Alaska Airlines is betting big bucks that the 36,000-square-foot glass atrium entryway at a rebuilt KeyArena will become a “meeting place’’ for legions of fans.
So much so the Seattle-based carrier has agreed to become the official airline and founding partner of NHL Seattle, the arena and the coming Northgate Mall practice facility, with a key part of that deal encompassing naming rights for the atrium. The “Alaska Airlines Atrium’’ will feature stories and images of the Pacific Northwest as well as promoting travel opportunities within it.
“We don’t put our name on the entire arena,’’ said Natalie Bowman, the airline’s managing director of marketing and advertising. “But by putting it on the front door and putting it in the lobby of the venue — we hope that it becomes the meeting place for everyone who’s going to attend the 300-plus events. So, ‘Meet me in the Alaska Airlines atrium’ is the vernacular that we’re hoping to create within the community.’’

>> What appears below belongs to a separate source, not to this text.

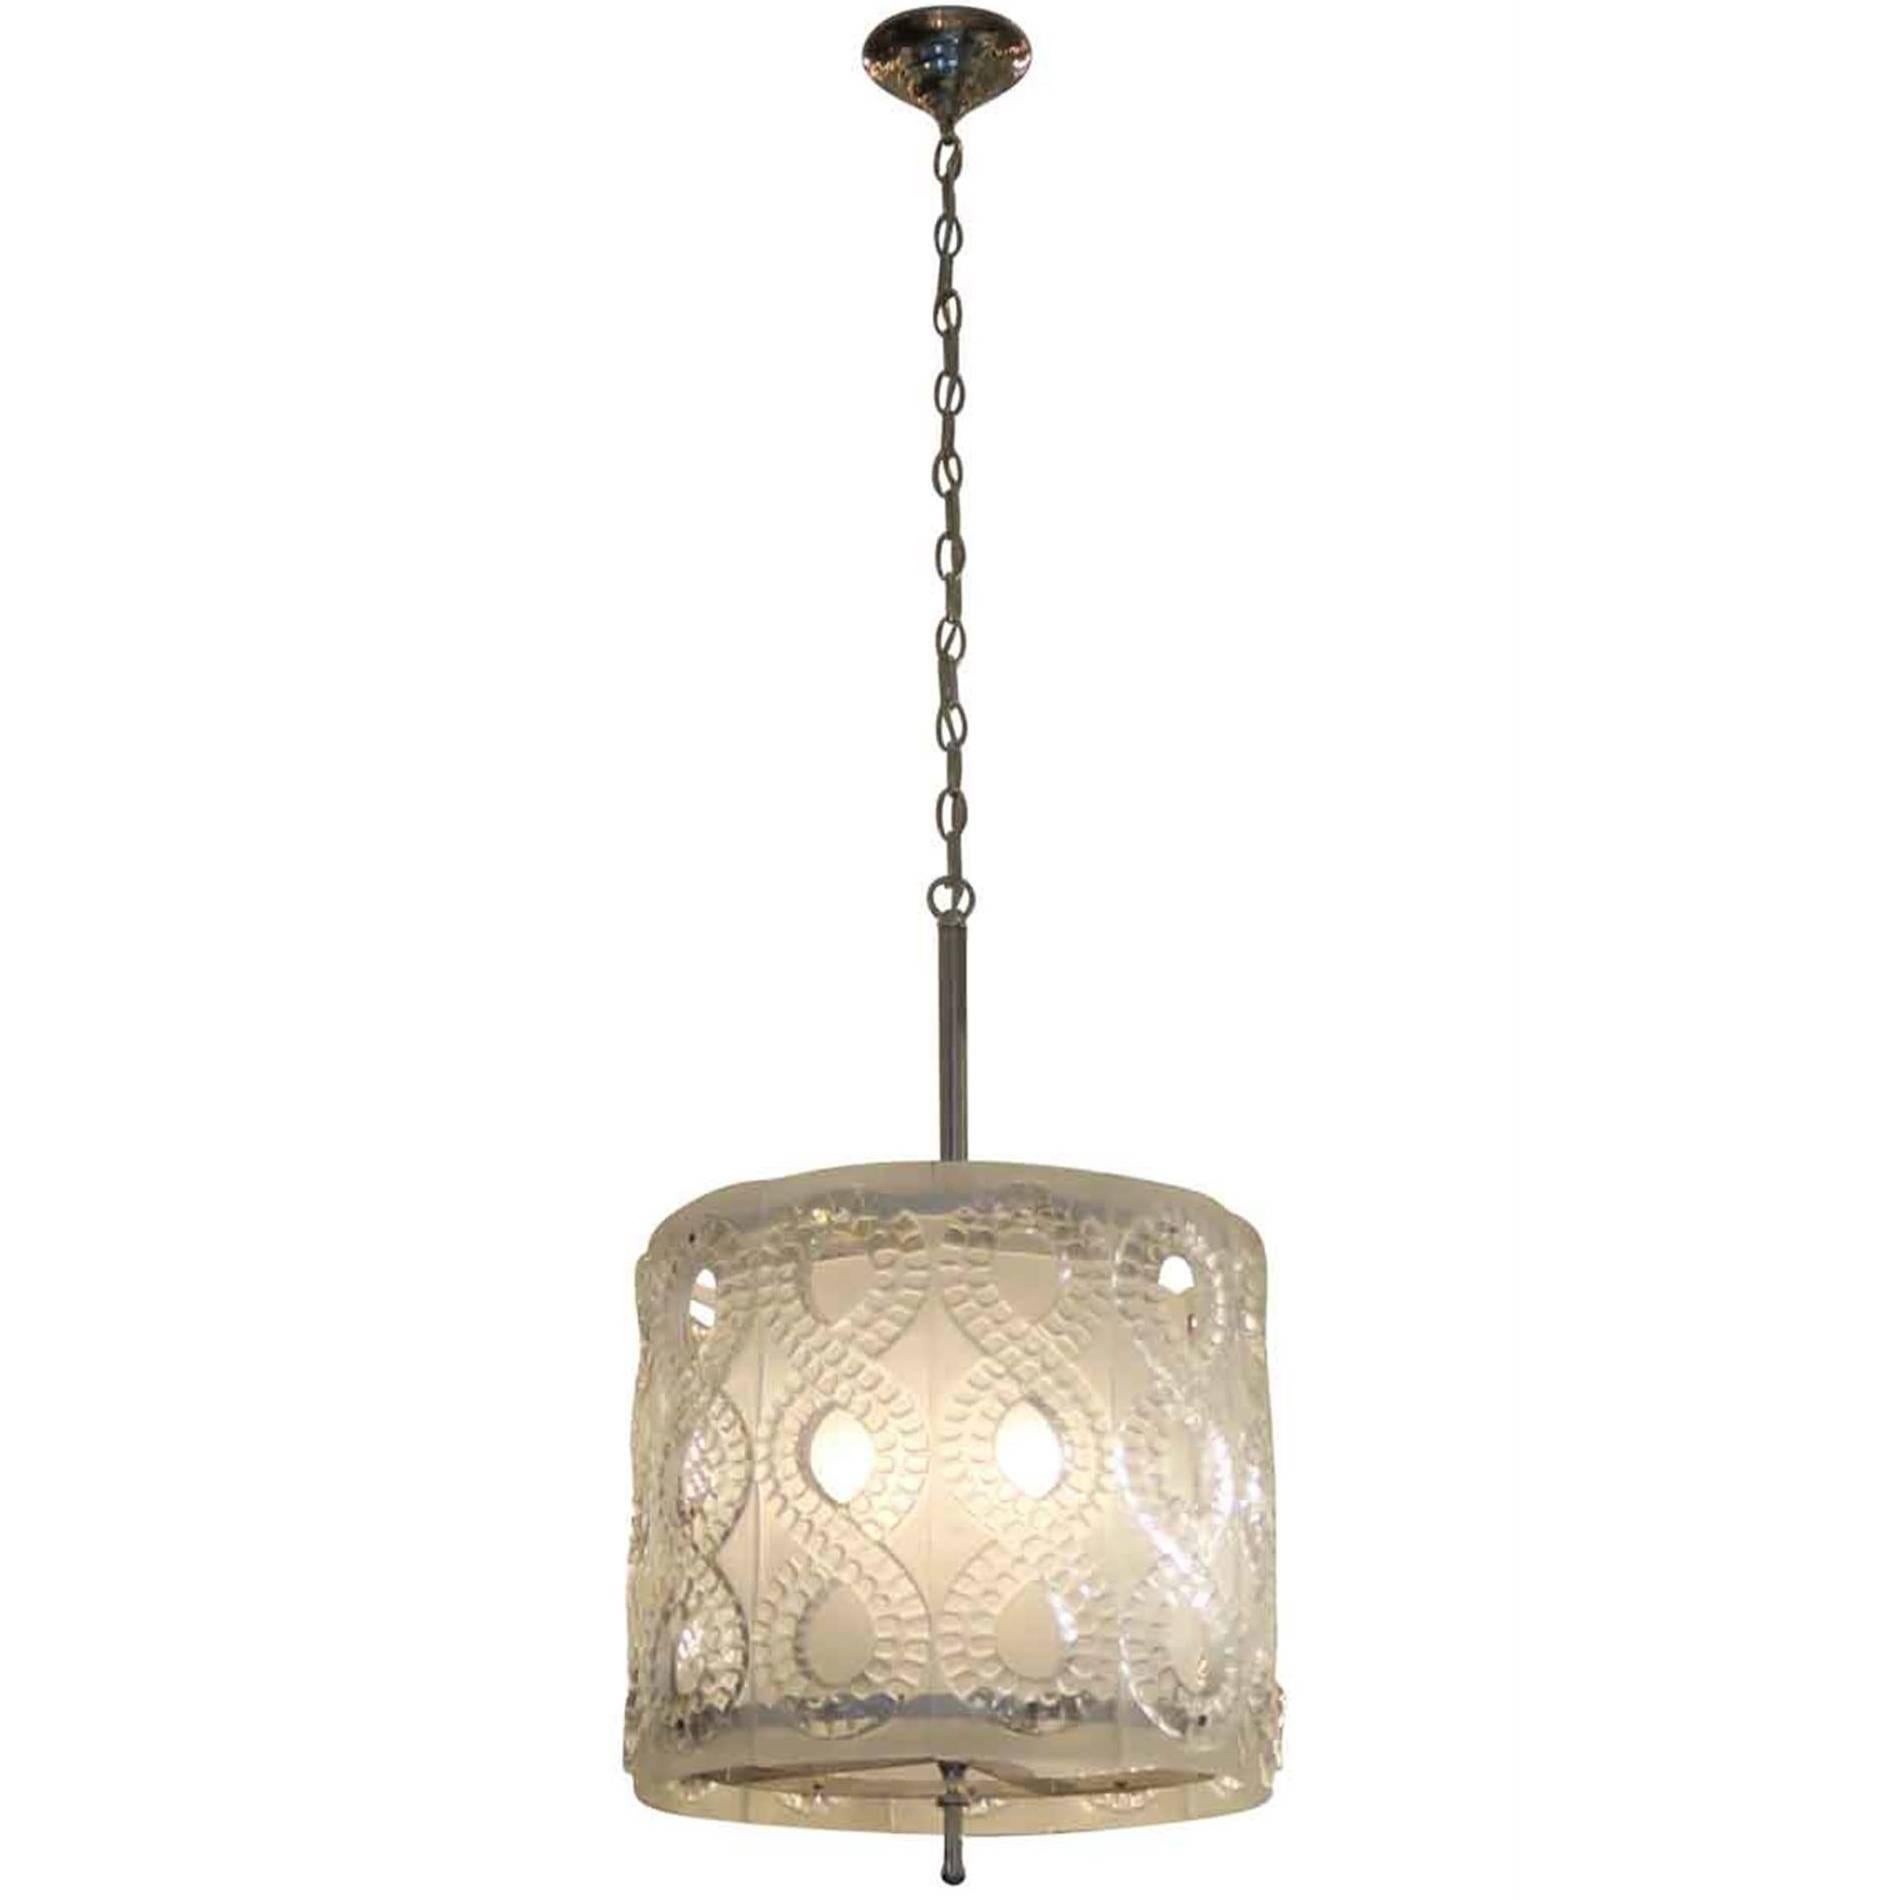 1990s Mid-Century Modern Crystal Pendant Light Done in a Lalique "Seville" Style
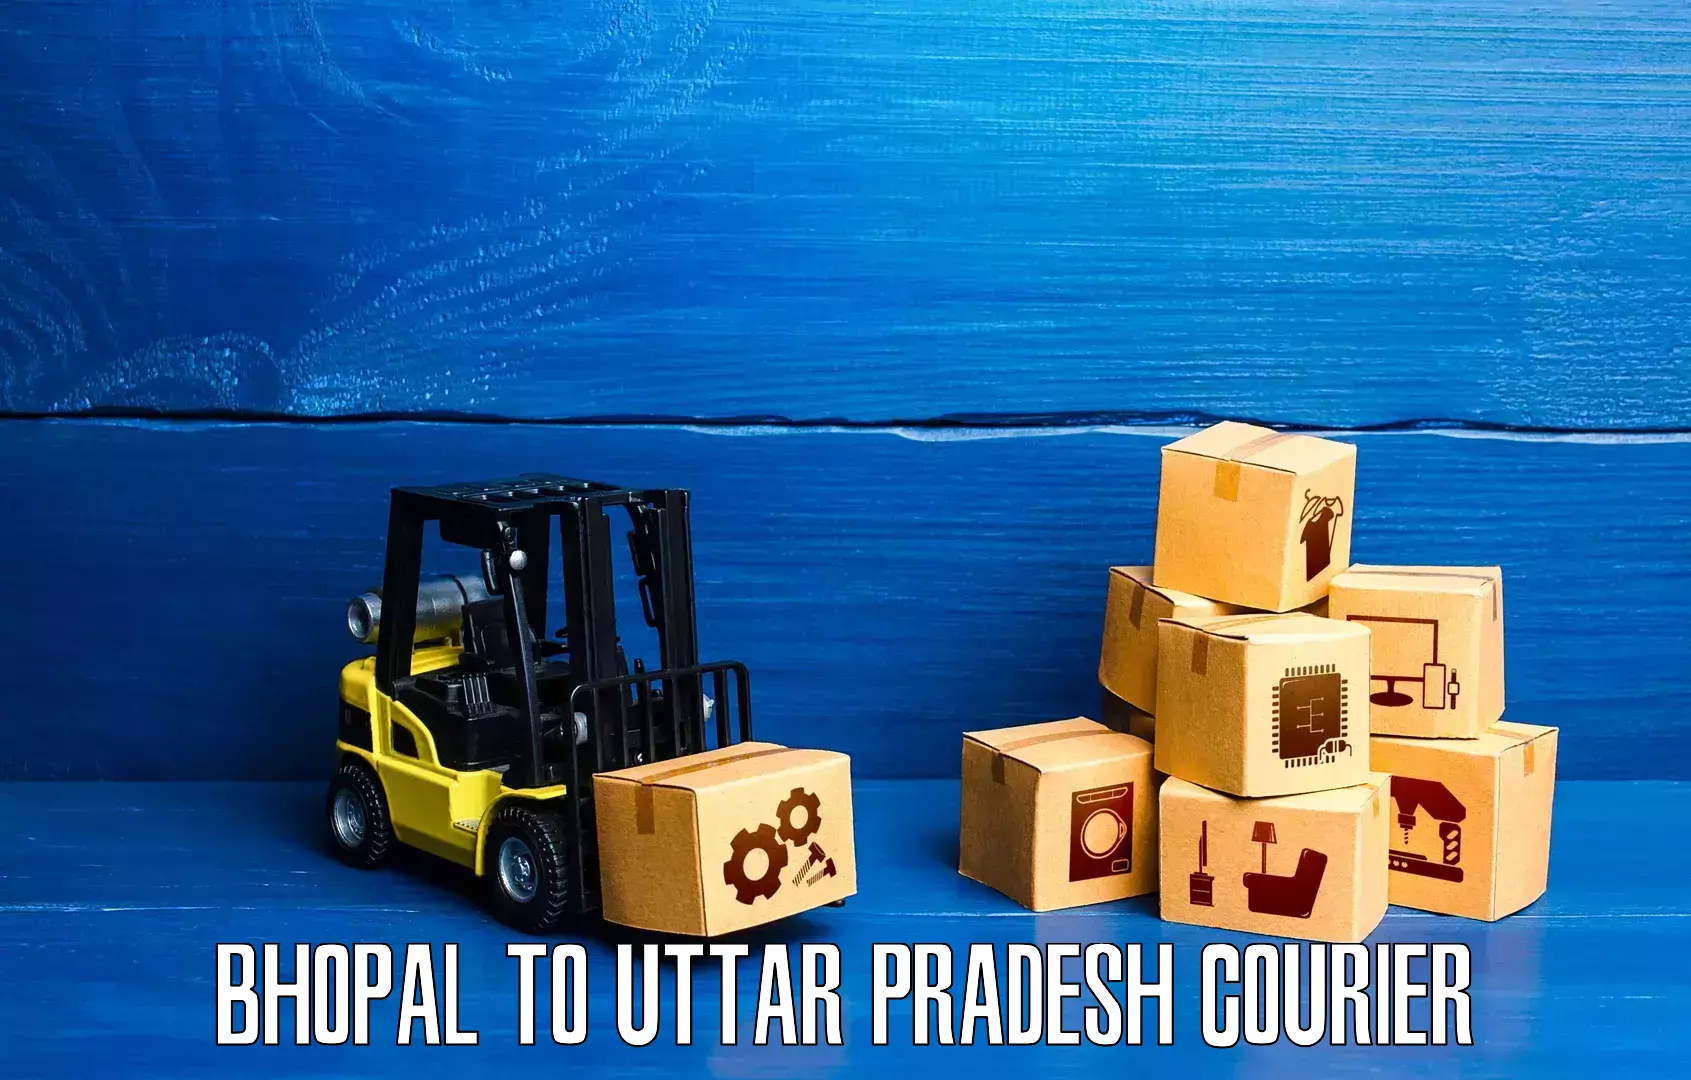 Comprehensive shipping network Bhopal to Aunrihar

Terms of the deal were not disclosed.
Talks are still underway that could see Alaska assume responsibility for flying NHL Seattle players back and forth between here and the team’s American Hockey League affiliate in Palm Springs, Calif. Alaska currently has a direct route between Palm Springs and Paine Field.
“With their training facility being up north (at Northgate Mall), we have the direct flight between Paine Field and Palm Springs,’’ Bowman said. “And so we’re viewing that as, when they call someone up from the minors we can get them to the practice facility and get them on the ice before they play in the game.’’
The deal, announced Thursday afternoon at the airline’s annual employee meeting, leaves room for NHL Seattle to negotiate a larger naming-rights pact for the entire arena. But the agreement also fits with what Bowman described as the airline’s “bang for the buck’’ approach to its sports portfolio.
While the airline does have large-scale sports deals like naming rights to the University of Washington’s Alaska Airlines arena, it also opted for a smaller “Chief Football Officer” partnership with Seahawks quarterback Russell Wilson rather than a bigger one encompassing the NFL team itself.
NHL Seattle CEO Tod Leiweke said the airline’s “pioneering spirit’’ and community connection has much in common with what the team is striving for.
“In theory, partners come to us to borrow our good name and our equity and our fan affinity,’’ Leiweke said. “But in this case, I think Alaska’s name is so good in this community and they’re such a legacy company that we could even borrow some of their equity in this announcement.’’
Leiweke said the atrium was designed as largely a stand-alone component of the arena — being rebuilt for $930 million and scheduled to reopen in summer 2021 — and that the idea was always to sell a separate sponsorship for it.